Importing Trained Model from Caffe¶
Mocha provides a tool to help with importing Caffe’s trained models. Importing Caffe’s models consists of two steps:
- Translating the network architecture definitions: this needs to be done manually. Typically for each layer used in Caffe, there is an equivalent in Mocha, so translating should be relatively straightforward. See the CIFAR-10 tutorial for an example of translating Caffe’s network definition. You need to make sure to use the same name for the layers so that when importing the learned parameters, Mocha is able to find the correspondences.
- Importing the learned network parameters: this can be done automatically, and is the main topic of this document.
Caffe uses a binary protocol buffer file to store trained models. Instead of parsing this complicated binary file, we provide a tool to export the model parameters to the HDF5 format, and import the HDF5 file from Mocha. As a result, you need to have Caffe installed to do the importing.
Exporting Caffe’s Snapshot to HDF5¶
Caffe’s snapshot files contain some extra information, but what we need are only the learned network parameters. The strategy is to use Caffe’s built-in API to load their model snapshot, and then iterate all network layers in memory to dump the layer parameters to a HDF5 file. In the tools directory of Mocha’s source root, you can find this in dump_network_hdf5.cpp.
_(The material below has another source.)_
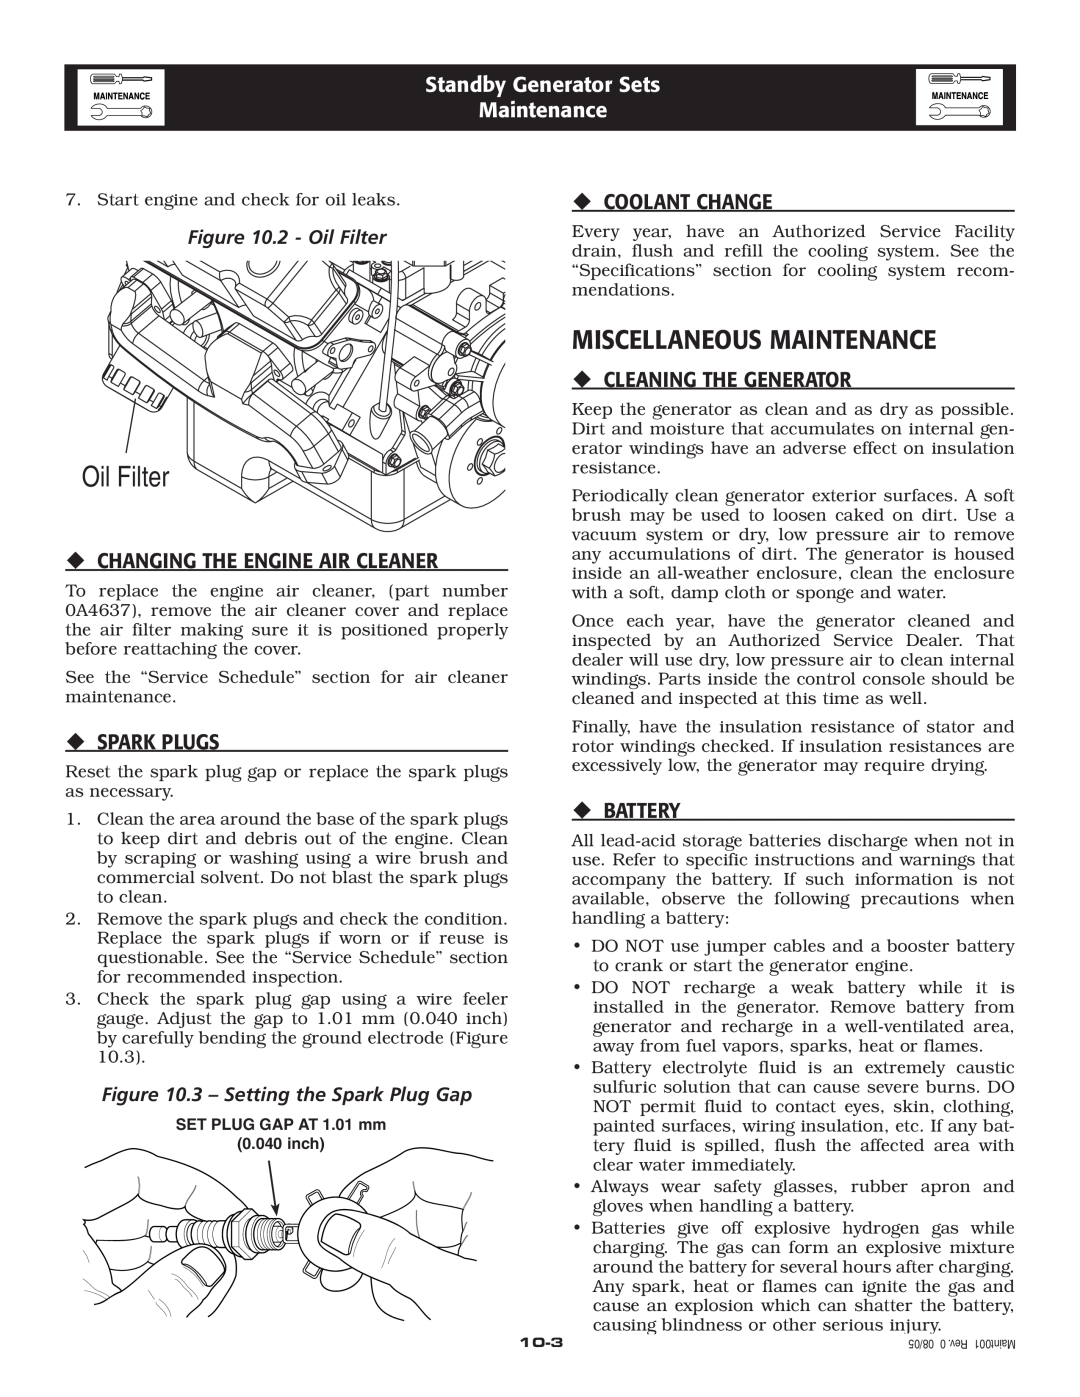 Generac Power Systems 005220-0 Miscellaneous Maintenance, ‹Changing The Engine Air Cleaner, ‹Spark Plugs, ‹Coolant Change

Put that file in Caffe’s tools directory, and re-compile Caffe. The tool should be built automatically, and the executable file could typically be found in build/tools/dump_network_hdf5. Run the tool as follows:
build/tools/dump_network_hdf5 \ examples/cifar10/cifar10_full_train_test.prototxt \ examples/cifar10/cifar10_full_iter_70000.caffemodel \ cifar10.hdf5
where the arguments are Caffe’s network definition, Caffe’s model snapshot you want to export and the output HDF5 file, respectively.
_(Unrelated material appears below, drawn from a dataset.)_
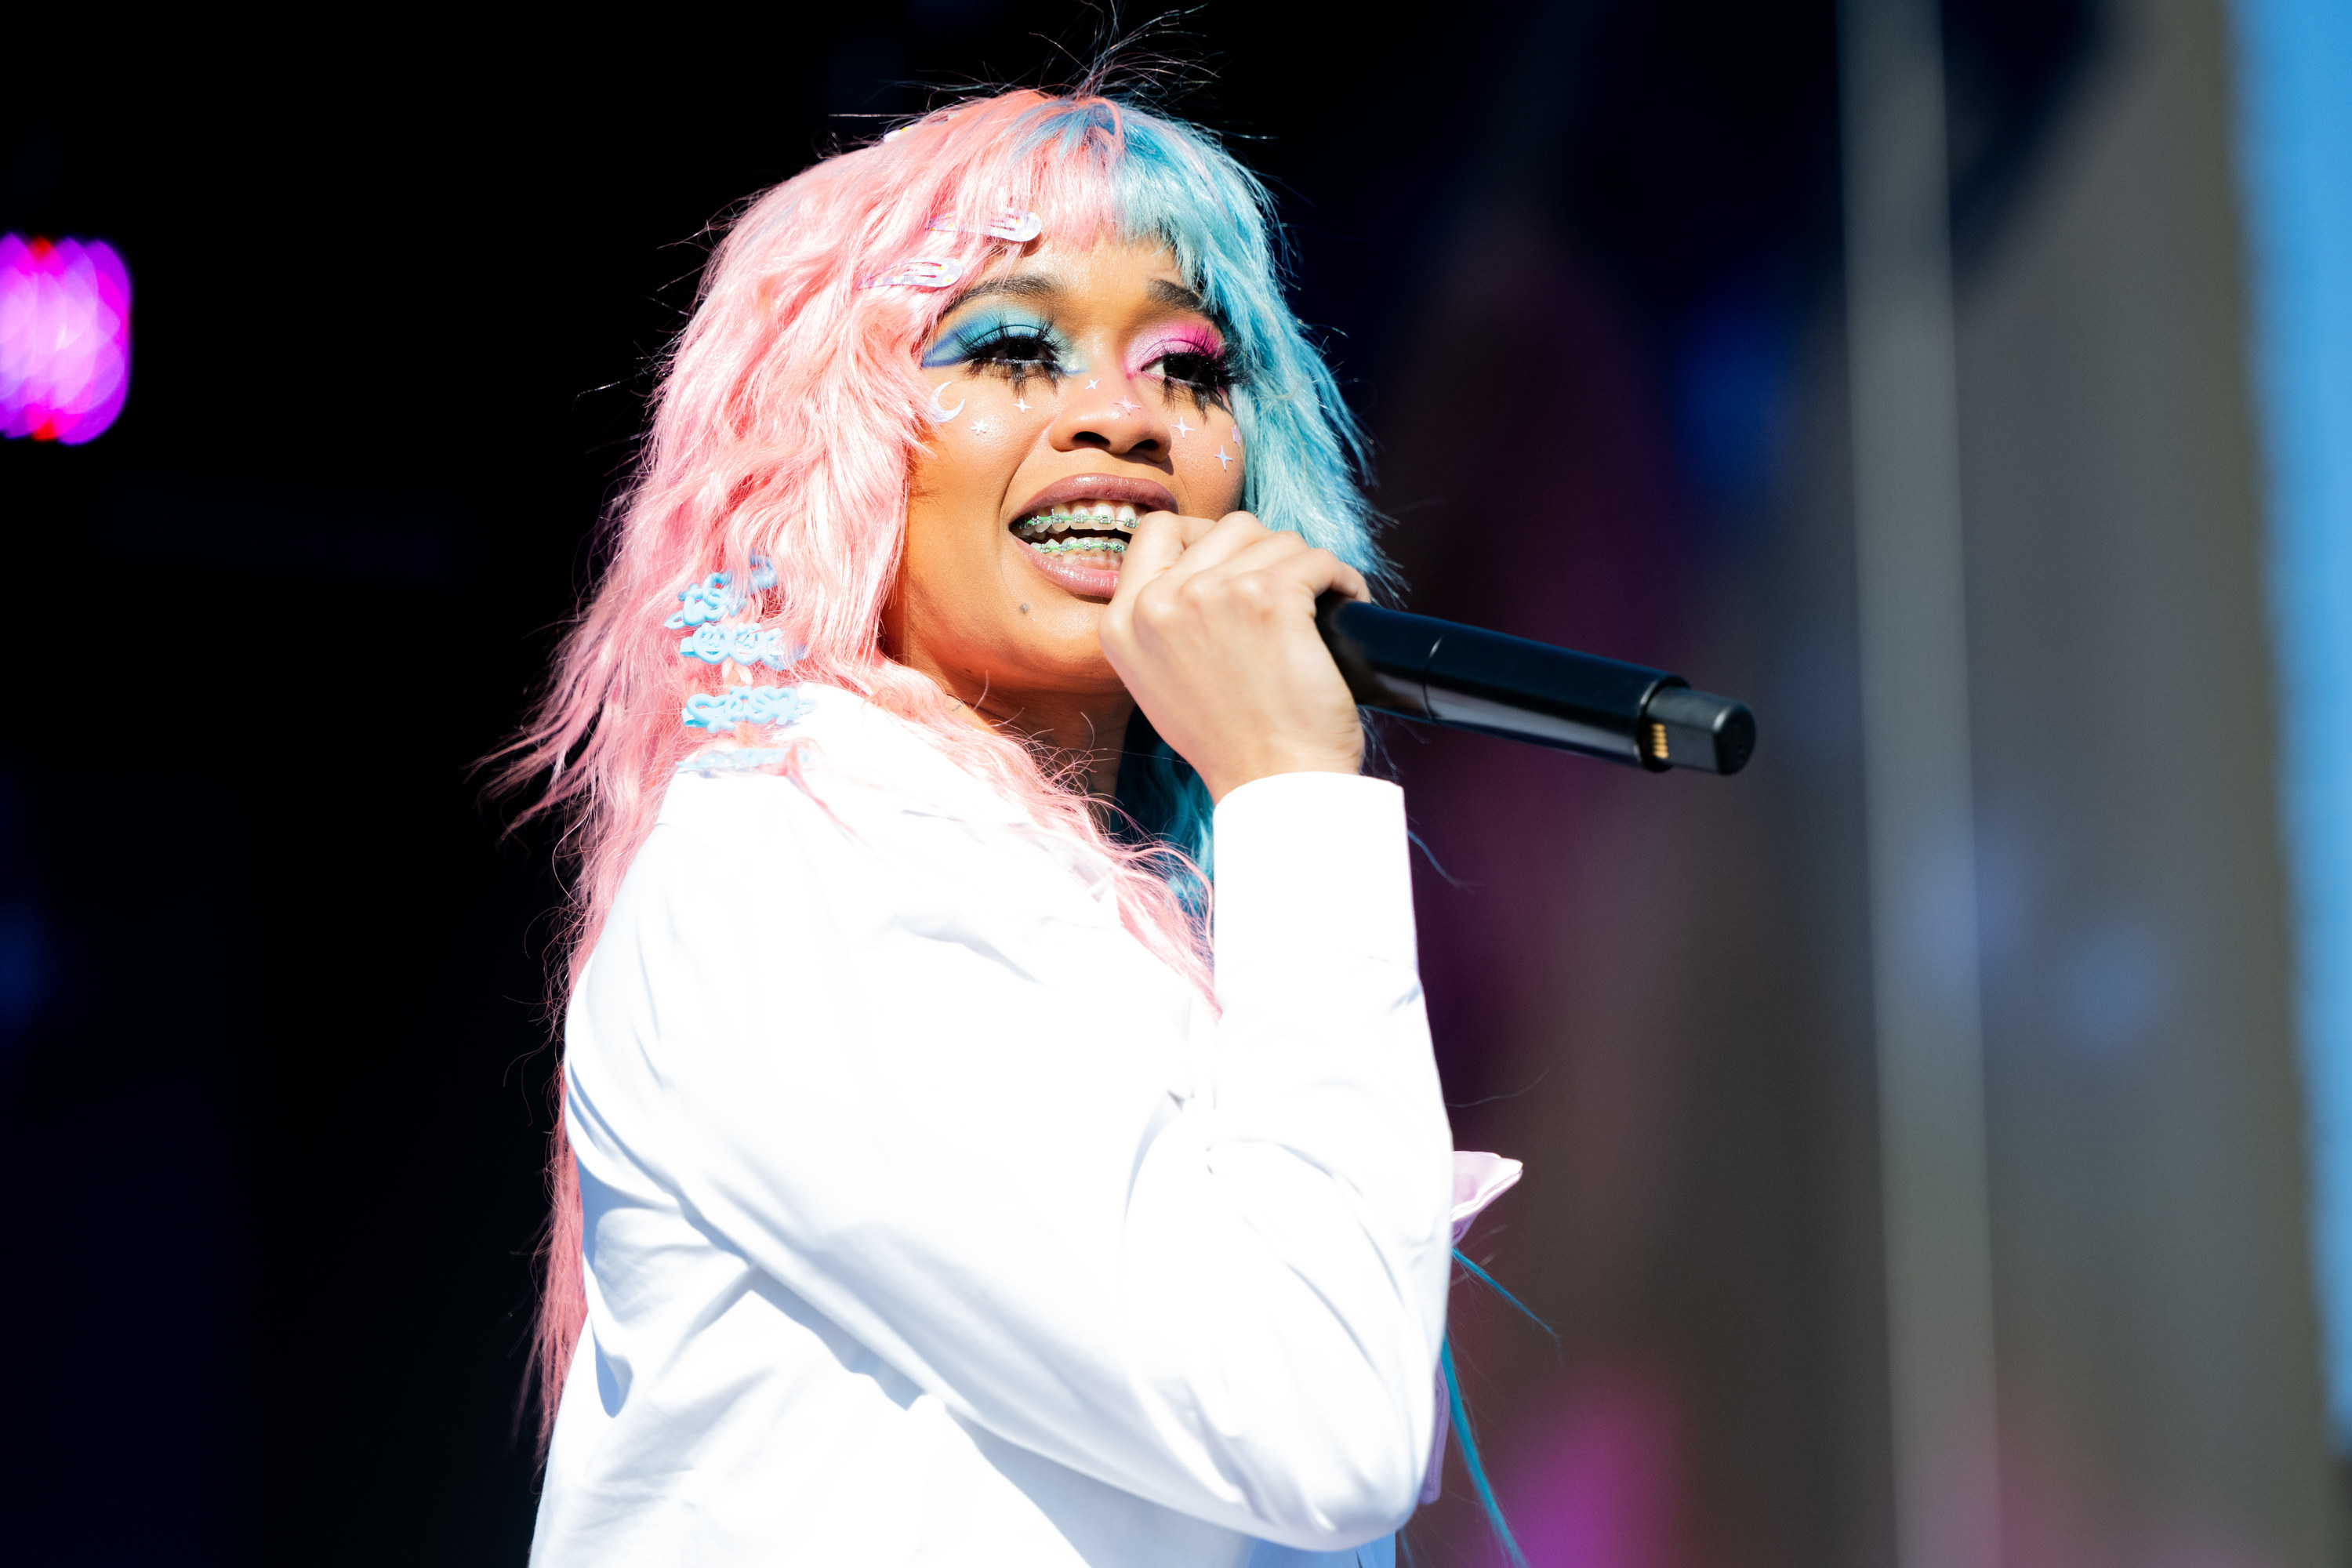 Tiacorine performing on stage. Tiacorine is rocking two-toned hair and two-toned eyeshadow

Currently, in all the layers Mocha supports, only InnerProductLayer and ConvolutionLayer contains trained parameters. When some other layers are needed, it should be straightforward to modify dump_network_hdf5.cpp to include proper rules for exporting.
Importing the HDF5 Snapshot to Mocha¶
Mocha has a unified interface to import the HDF5 model we just exported. After constructing the network with the same architecture as translated from Caffe, you can import the HDF5 file by calling
using HDF5 h5open("/path/to/cifar10.hdf5", "r") do h5 load_network(h5, net) end
Actually, net does not need to be the exactly the same architecture. What it does is to try to find the parameters for each layer in the HDF5 archive. So if the Mocha architecture contains fewer layers, it should be fine.
By default, if the parameters for a layer can not be found in the HDF5 archive, it will fail with an error. But you can also change this behavior by passing false as the third argument, indicating not to panic if parameters are not found in the archive. In this case, Mocha will use the associated initializer to initialize the parameters not found in the archive.
Mocha’s HDF5 Snapshot Format¶
By using the same technique, you can import network parameters trained by other deep learning tools into Mocha, as long as you can export them to HDF5 files. The HDF5 file that Mocha tries to import is very simple
Each parameter (e.g. the filter of a convolution layer) is stored as a 4D tensor dataset in the HDF5 file.
The dataset name for each parameter should be layer___param. For example, conv1___filter is for the filter parameter of the convolution layer with the name conv1.
The HDF5 file format supports hierarchy. But it is rather complicated to manipulate hierarchies in some tools (e.g. the HDF5 Lite library Caffe is using), so we decided to use a simple flat format.
In Caffe, the bias parameter for a convolution layer and an inner product layer is optional. It is OK to omit them on exporting if there is no bias. You will get a warning message when importing in Mocha. Mocha will use the associated initializer (by default initializing to 0) to initialize the bias.
Exporting Caffe’s Mean File¶
Sometimes Caffe’s model includes a mean file, which is the mean data point computed over all the training data. This information might be needed in data preprocessing. Of course we could compute the mean from the training data manually. But if the training data is too large or is not easily obtainable, it might be easier to load Caffe’s pre-computed mean file instead.
In the tools directory of Mocha’s source root, you can find dump_mean_file.cpp. Similar to exporting Caffe’s model file, you can copy this file to Caffe’s tools directory and compile Caffe. After that, you can export Caffe’s mean file:
build/tools/dump_mean_file \ data/ilsvrc12/imagenet_mean.binaryproto \ ilsvr12_mean.hdf5
The exported HDF5 file can then be loaded in Mocha using DataTransformers.SubMean.